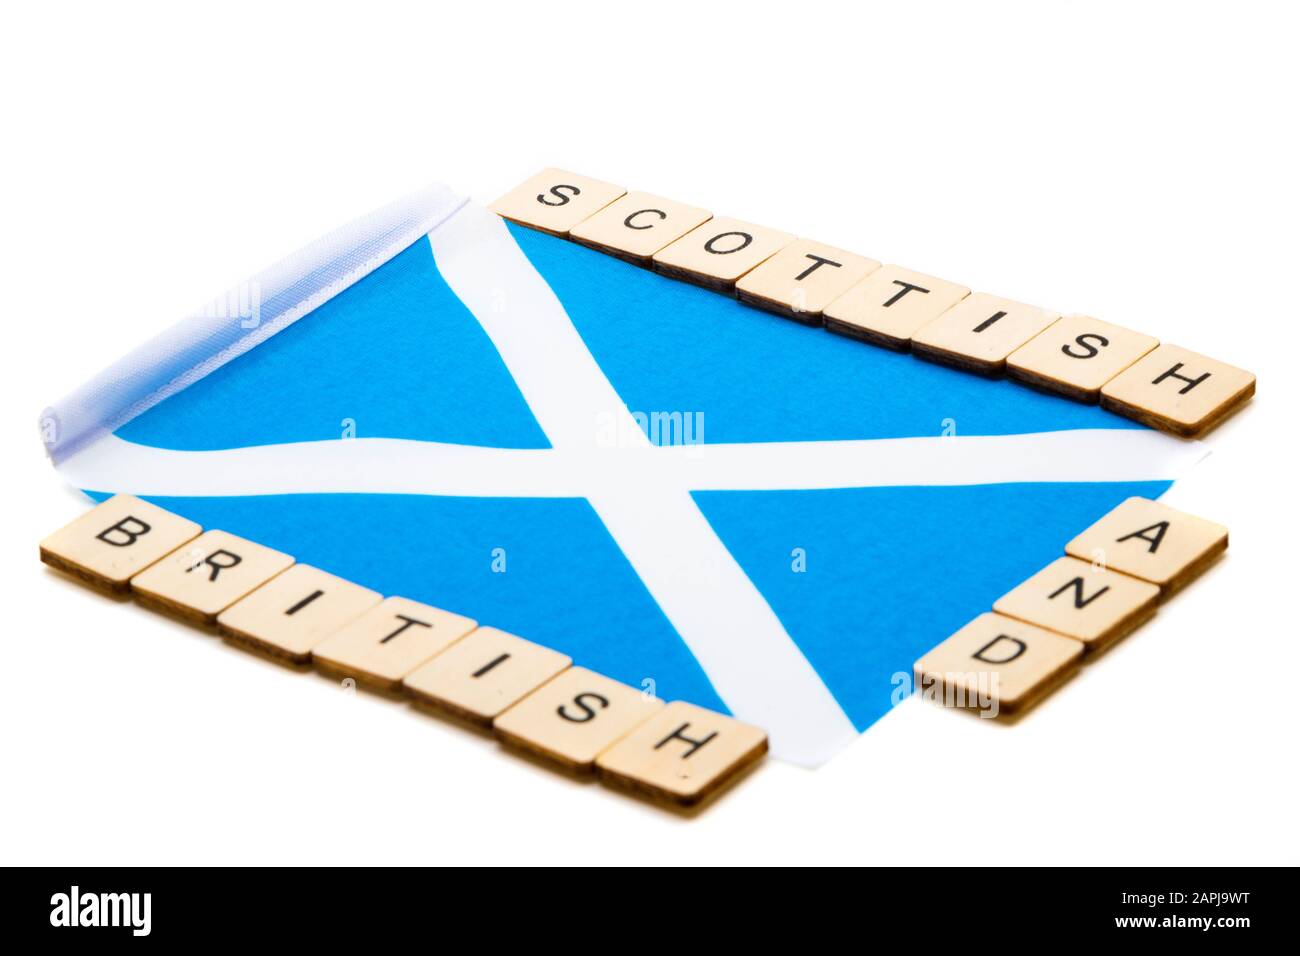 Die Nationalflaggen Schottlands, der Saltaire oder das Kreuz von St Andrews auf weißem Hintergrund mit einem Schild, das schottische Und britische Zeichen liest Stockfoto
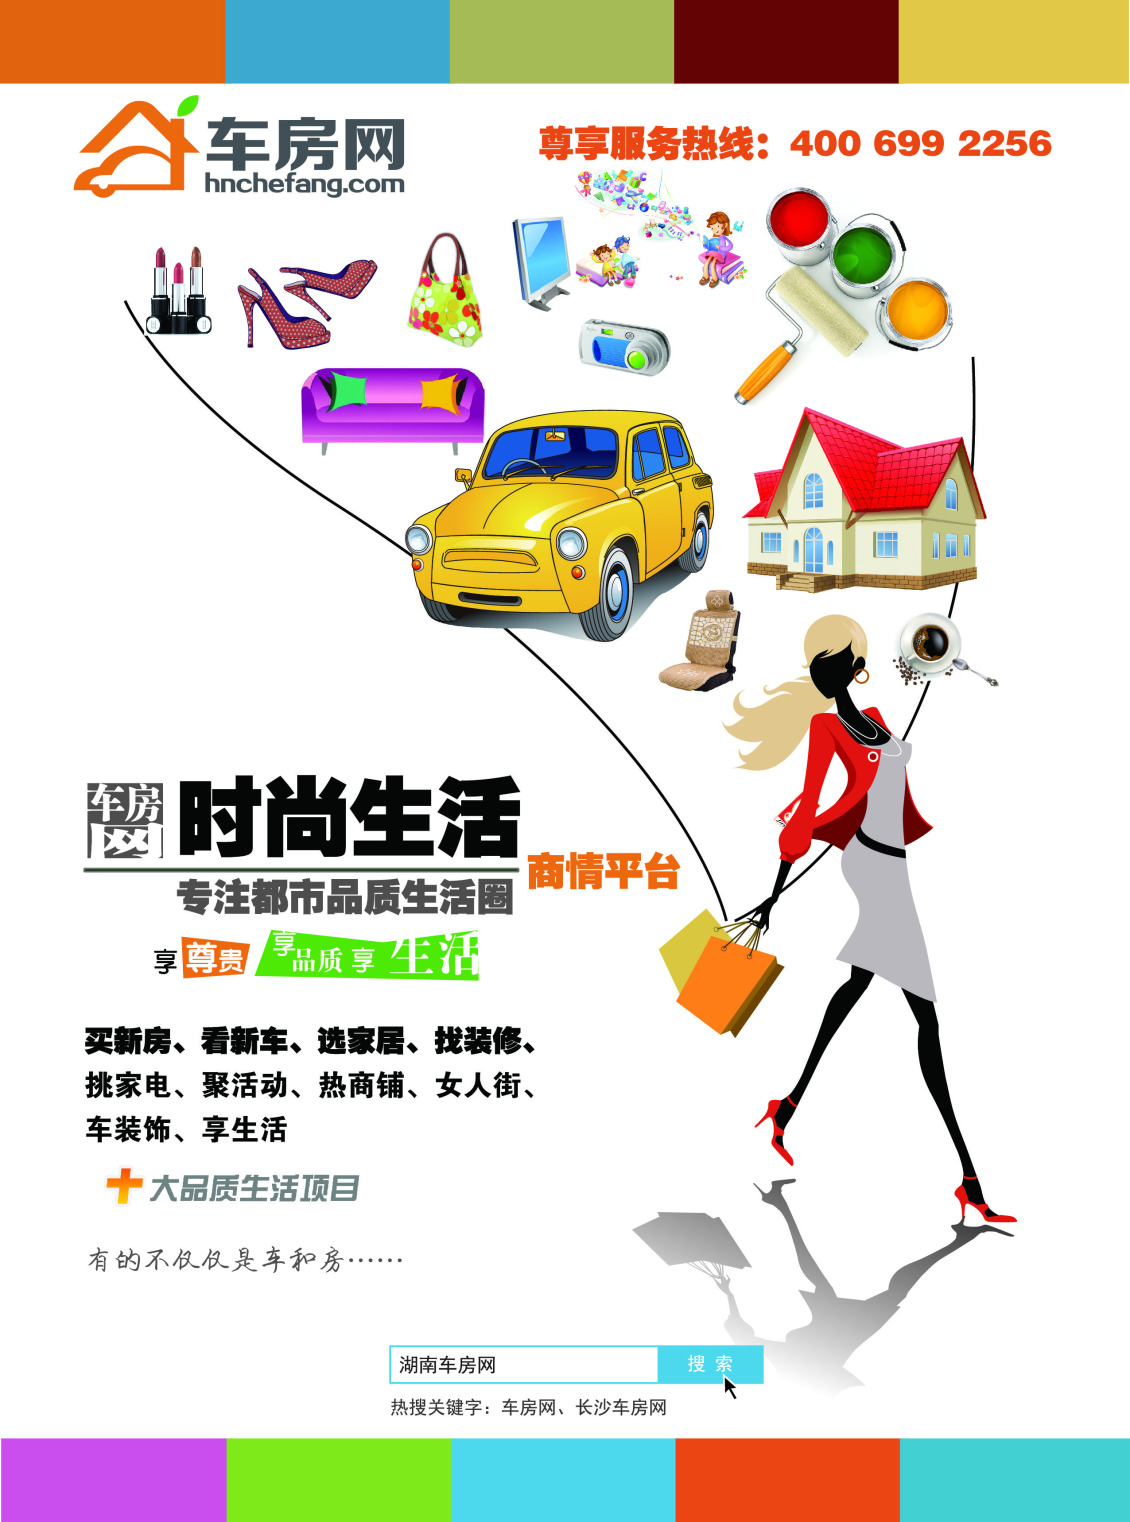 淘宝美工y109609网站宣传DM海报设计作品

★ ★ ★

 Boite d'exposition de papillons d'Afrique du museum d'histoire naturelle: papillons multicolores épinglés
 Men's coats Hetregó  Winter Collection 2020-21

★ ★ ★

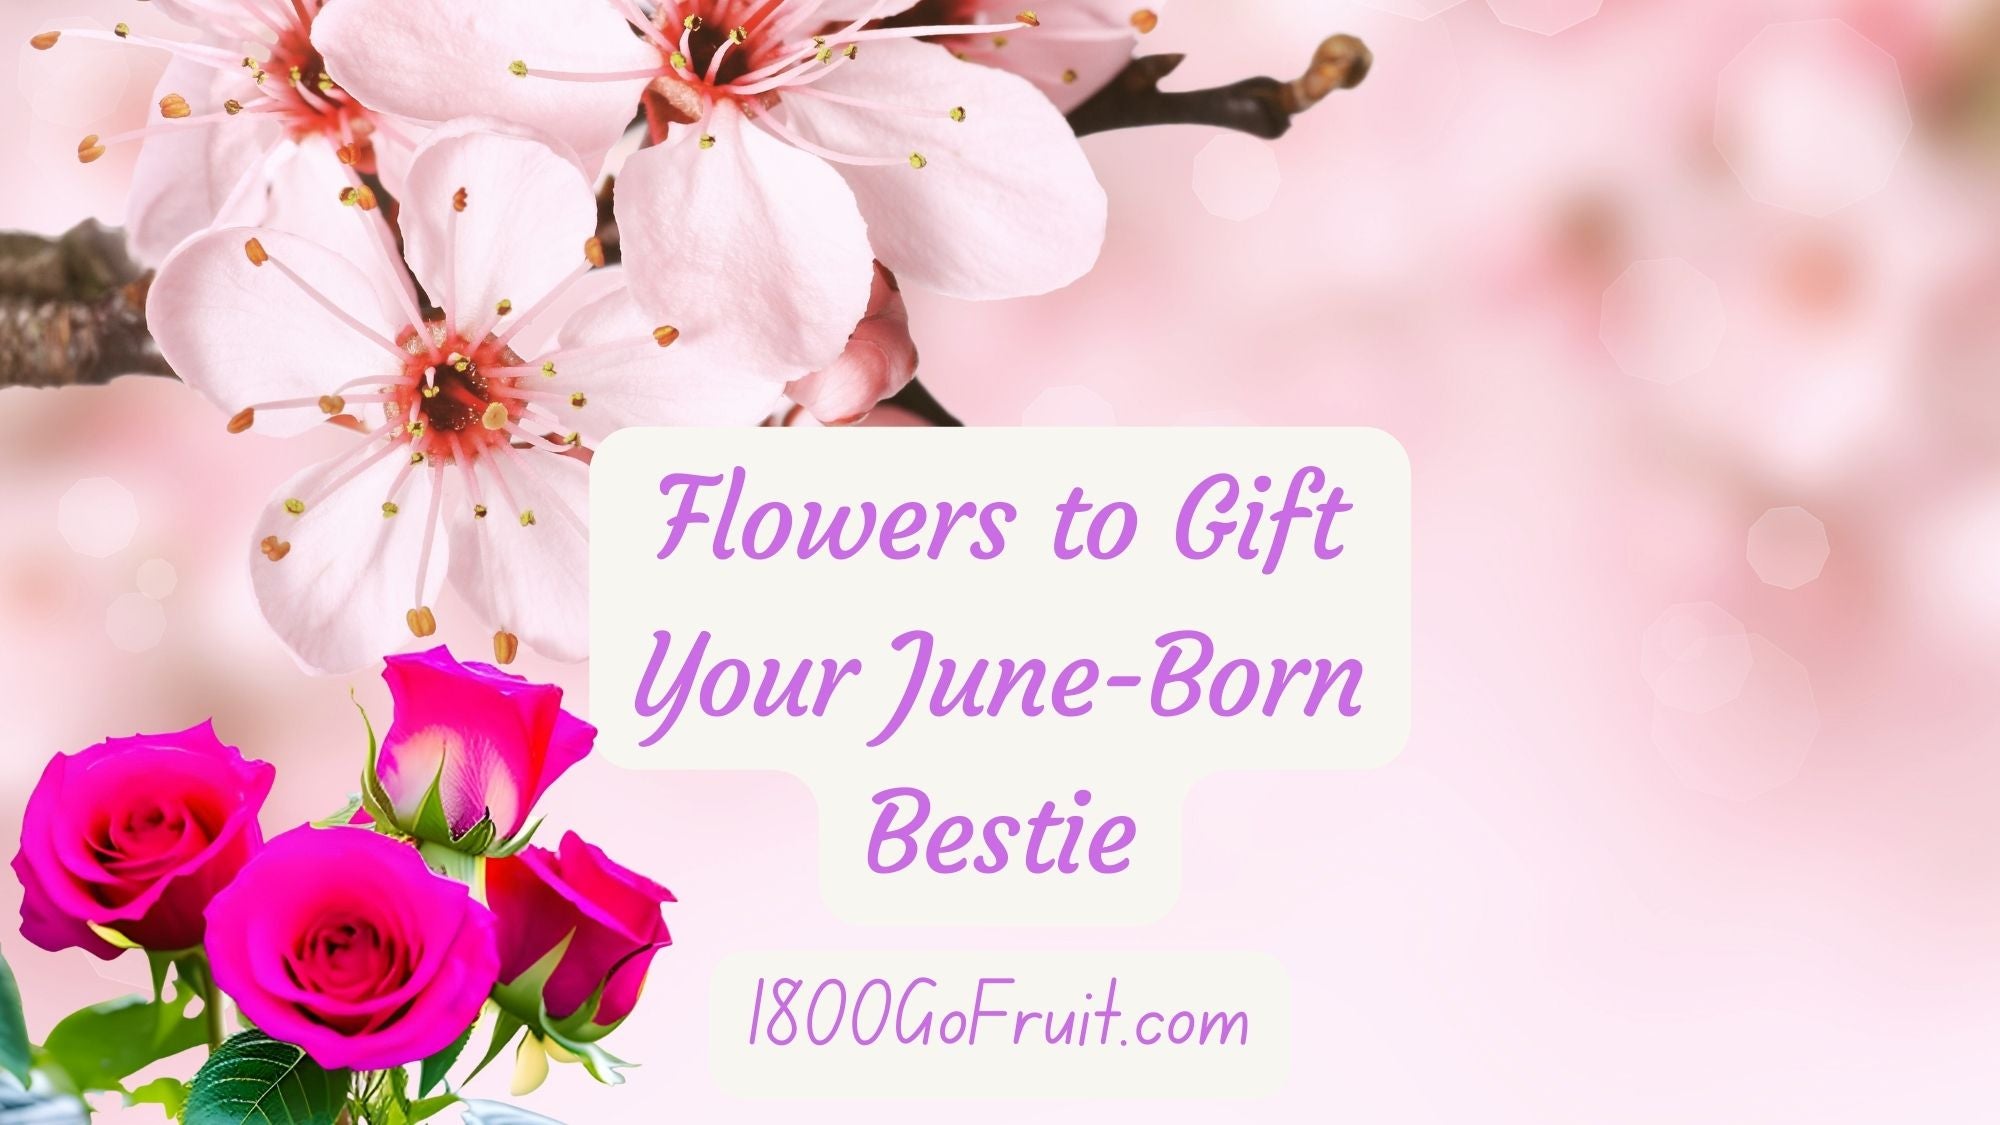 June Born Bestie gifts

★ ★ ★

◆ Exercise ◆
With the pictures omitted, copy exactly the lines of the listing above starting at the line containing "Die Nationalflaggen Schottlands, der" and ending at the line containing "淘宝美工y109609网站宣传DM海报设计作品", both included.

◆ Answer space ◆
 Die Nationalflaggen Schottlands, der Saltaire oder das Kreuz von St Andrews auf weißem Hintergrund mit einem Schild, das schottische Und britische Zeichen liest Stockfoto
 淘宝美工y109609网站宣传DM海报设计作品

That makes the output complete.